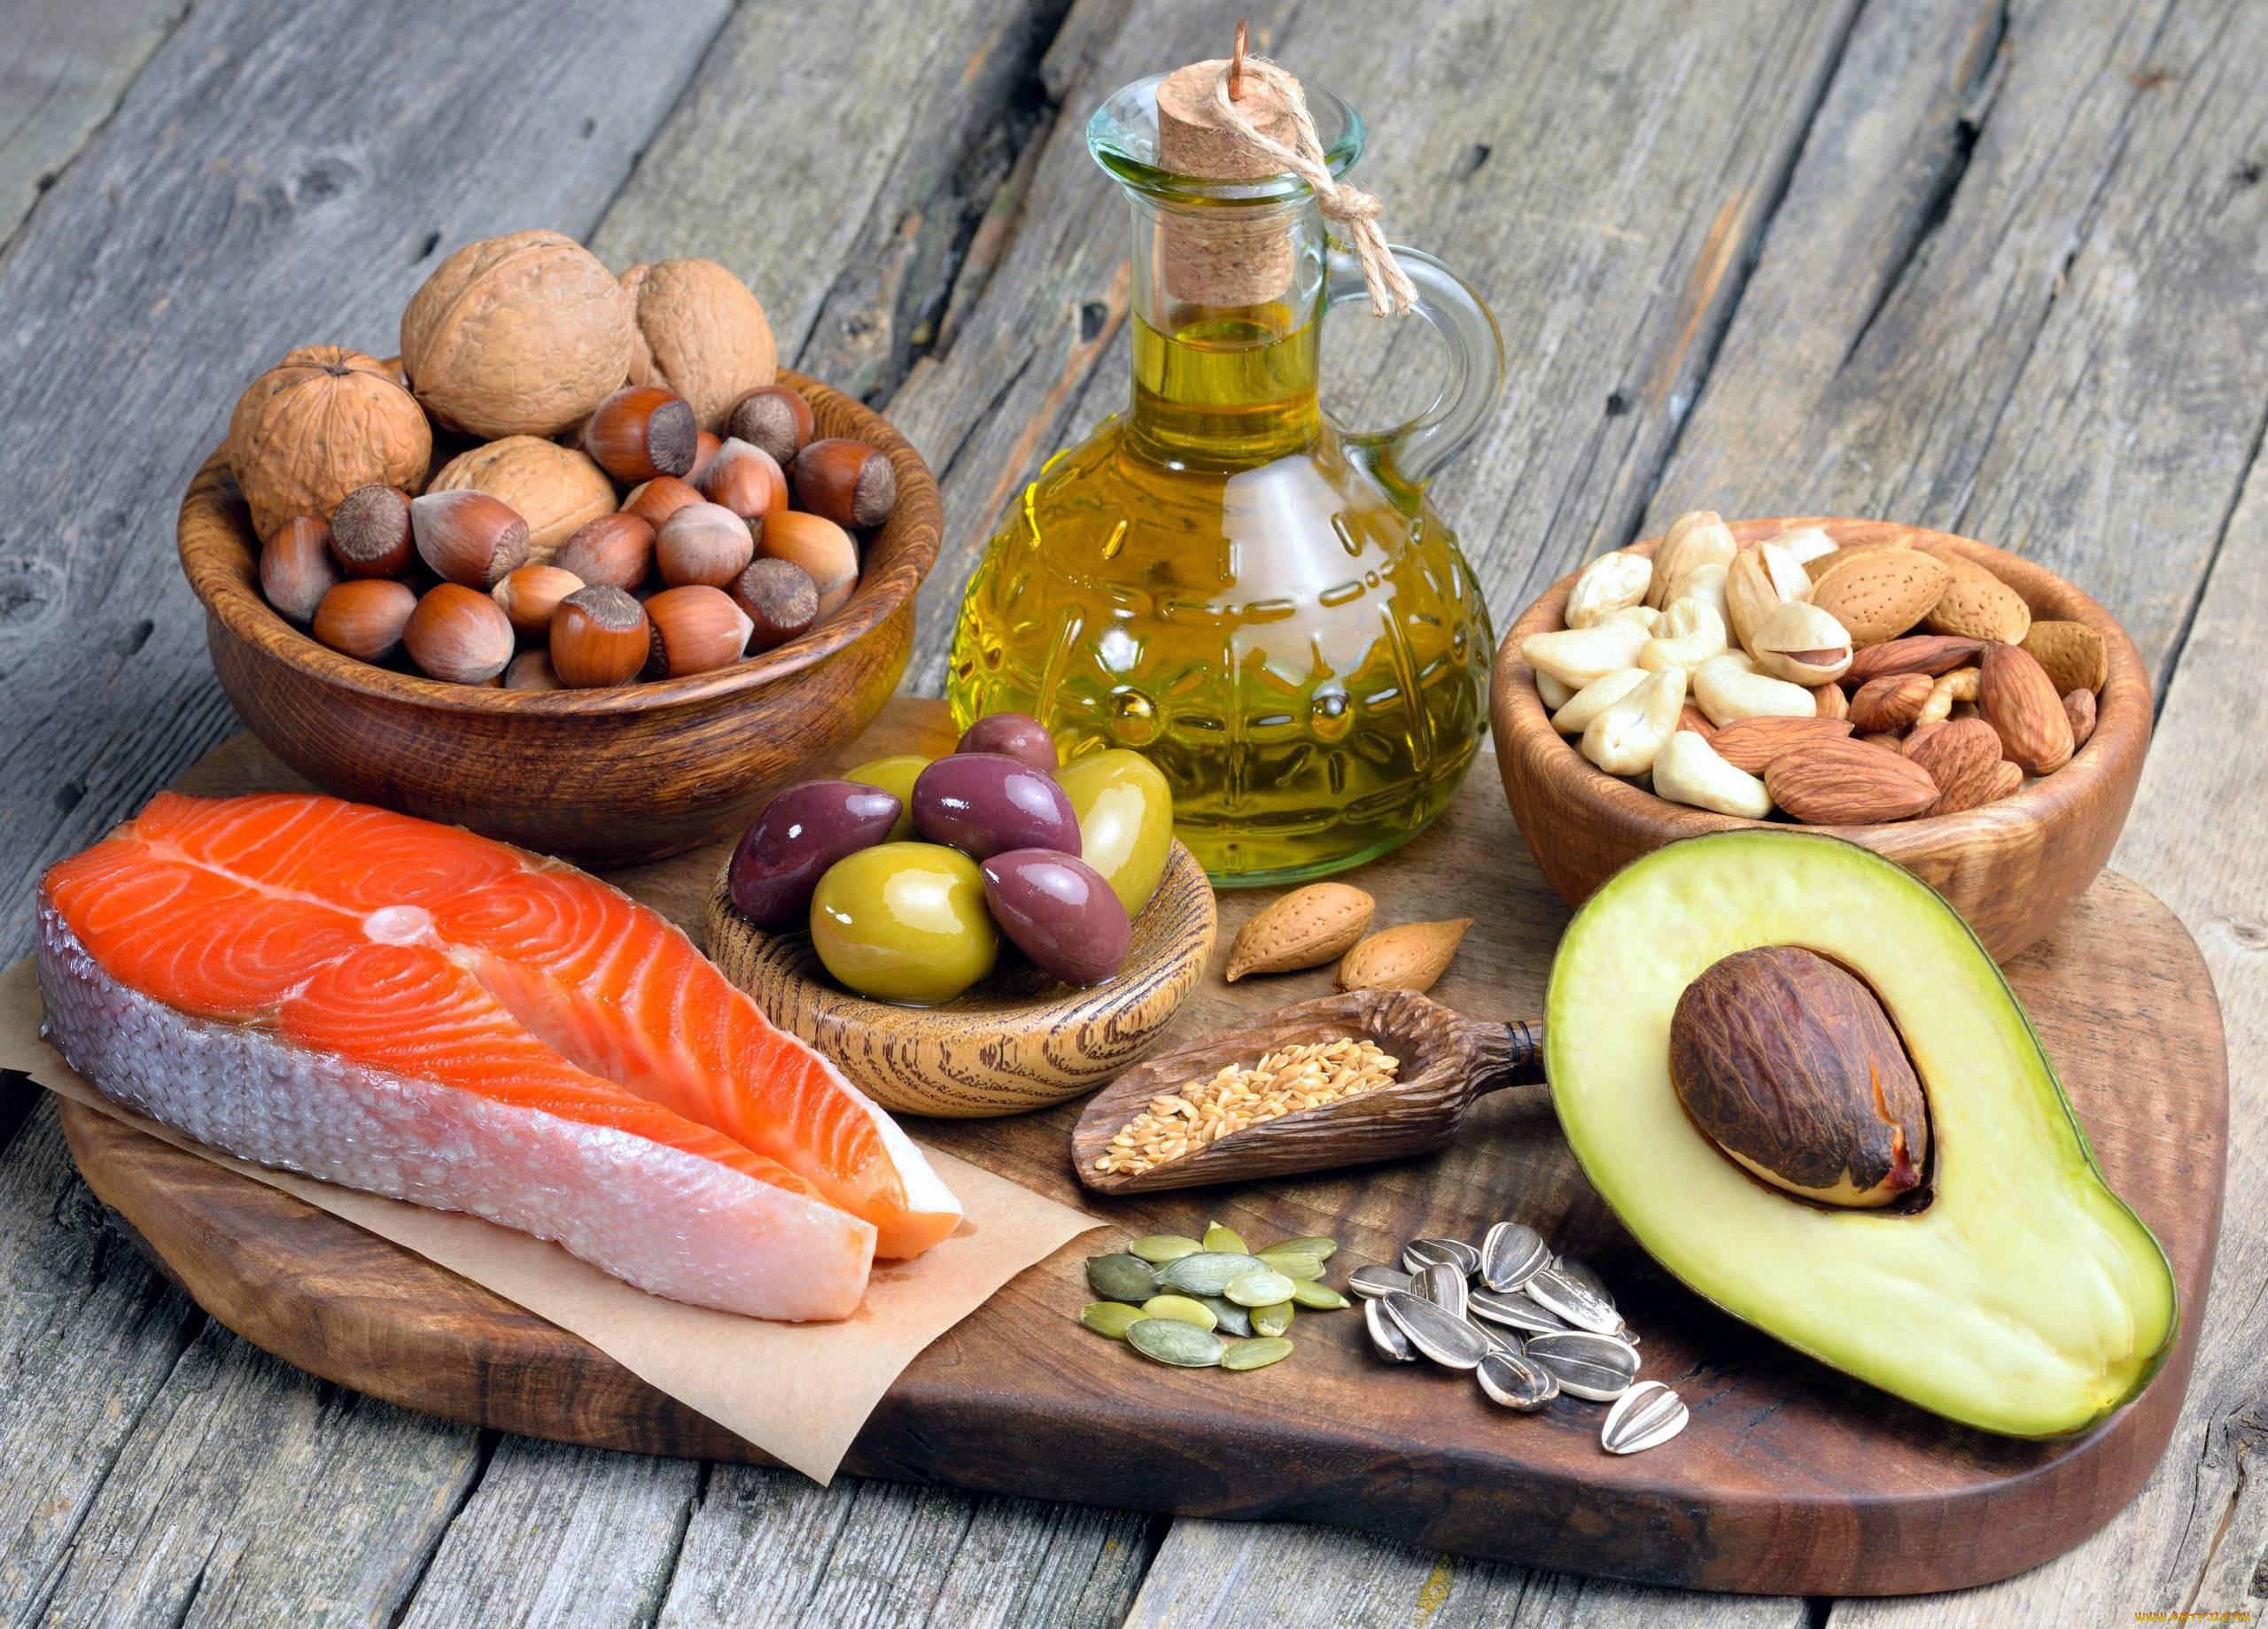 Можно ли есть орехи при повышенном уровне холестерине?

==

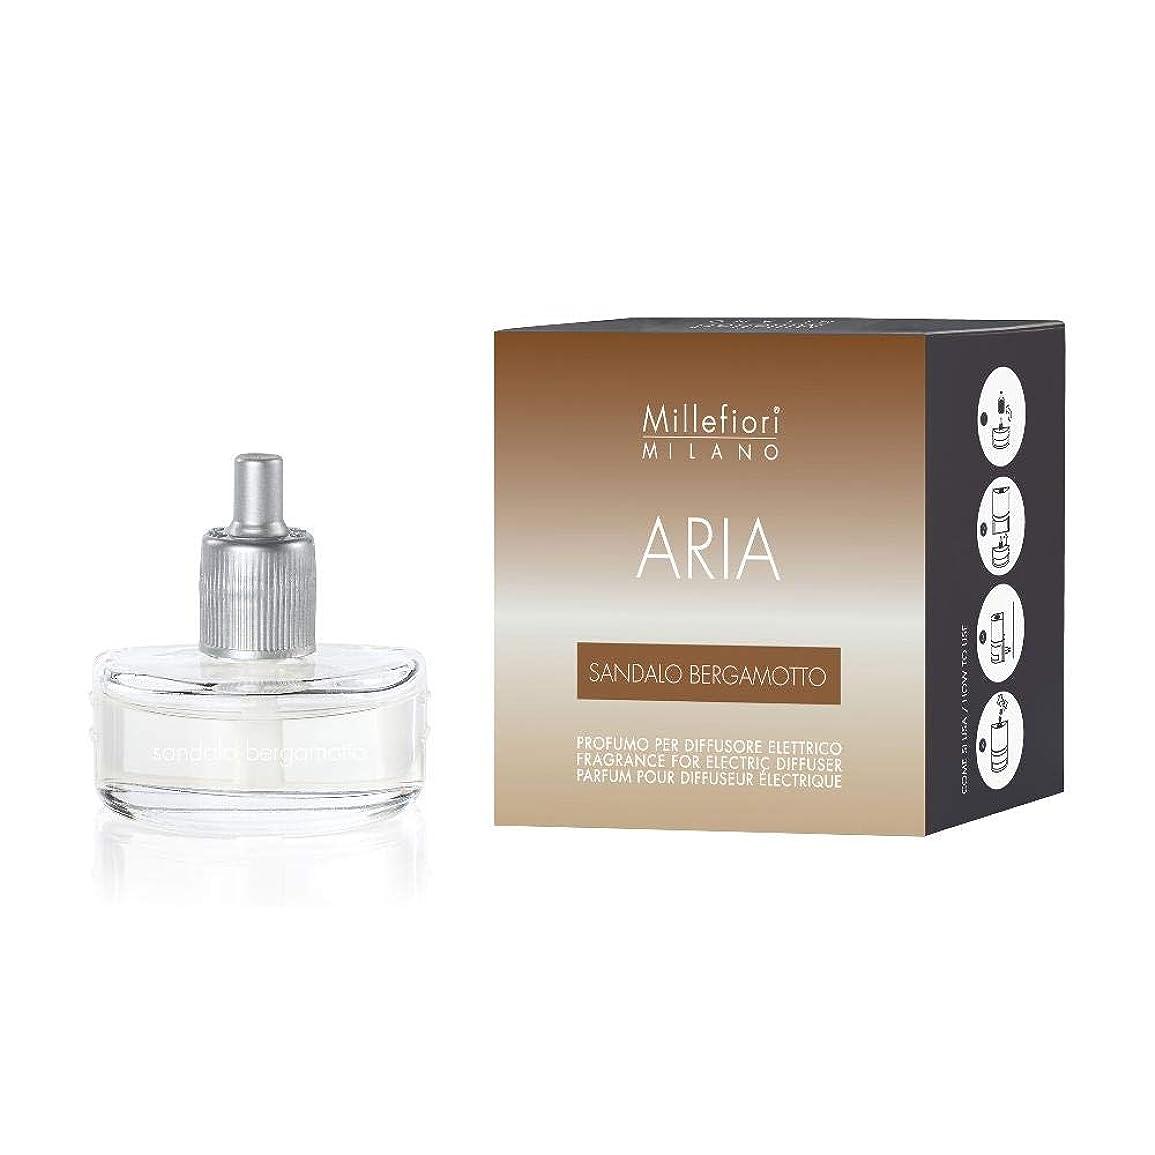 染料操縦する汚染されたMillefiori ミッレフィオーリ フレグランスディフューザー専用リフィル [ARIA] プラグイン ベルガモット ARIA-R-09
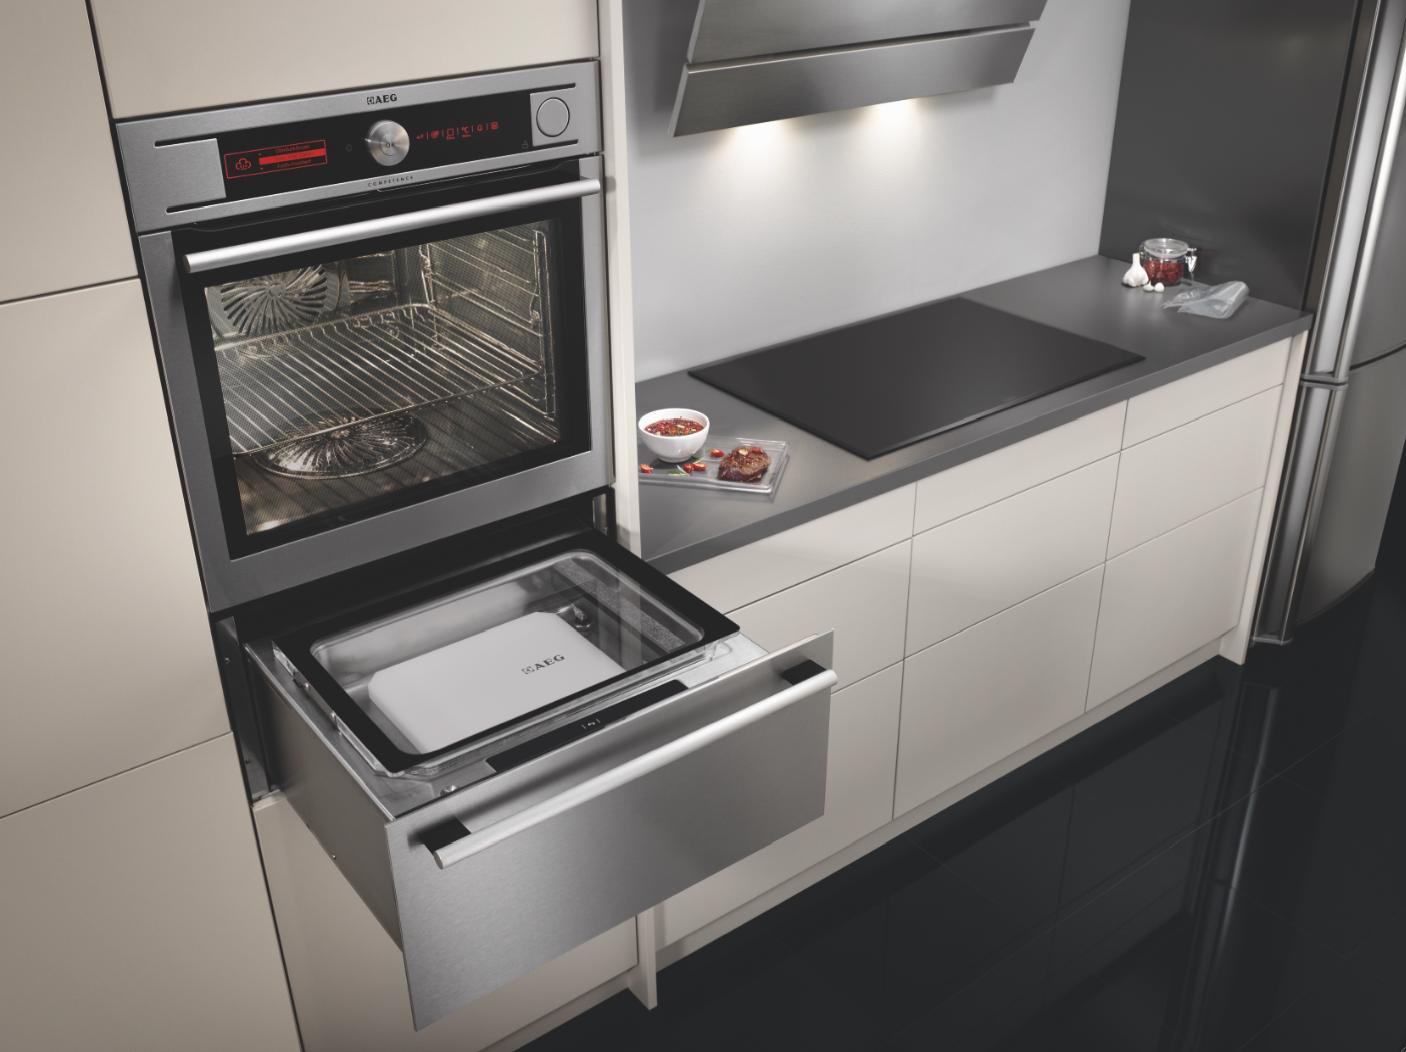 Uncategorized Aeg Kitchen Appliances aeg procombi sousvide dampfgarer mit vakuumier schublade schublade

■ **ASSIGNED TASK**:
Return only the stretch above from the line containing "染料操縦する汚染されたMillefiori ミッレフィオーリ フレグランスディフューザー専用リフィル" through the line containing "Uncategorized Aeg Kitchen", word for word and without pictures.

■ **YOUR SOLUTION**:
 染料操縦する汚染されたMillefiori ミッレフィオーリ フレグランスディフューザー専用リフィル [ARIA] プラグイン ベルガモット ARIA-R-09
 Uncategorized Aeg Kitchen Appliances aeg procombi sousvide dampfgarer mit vakuumier schublade schublade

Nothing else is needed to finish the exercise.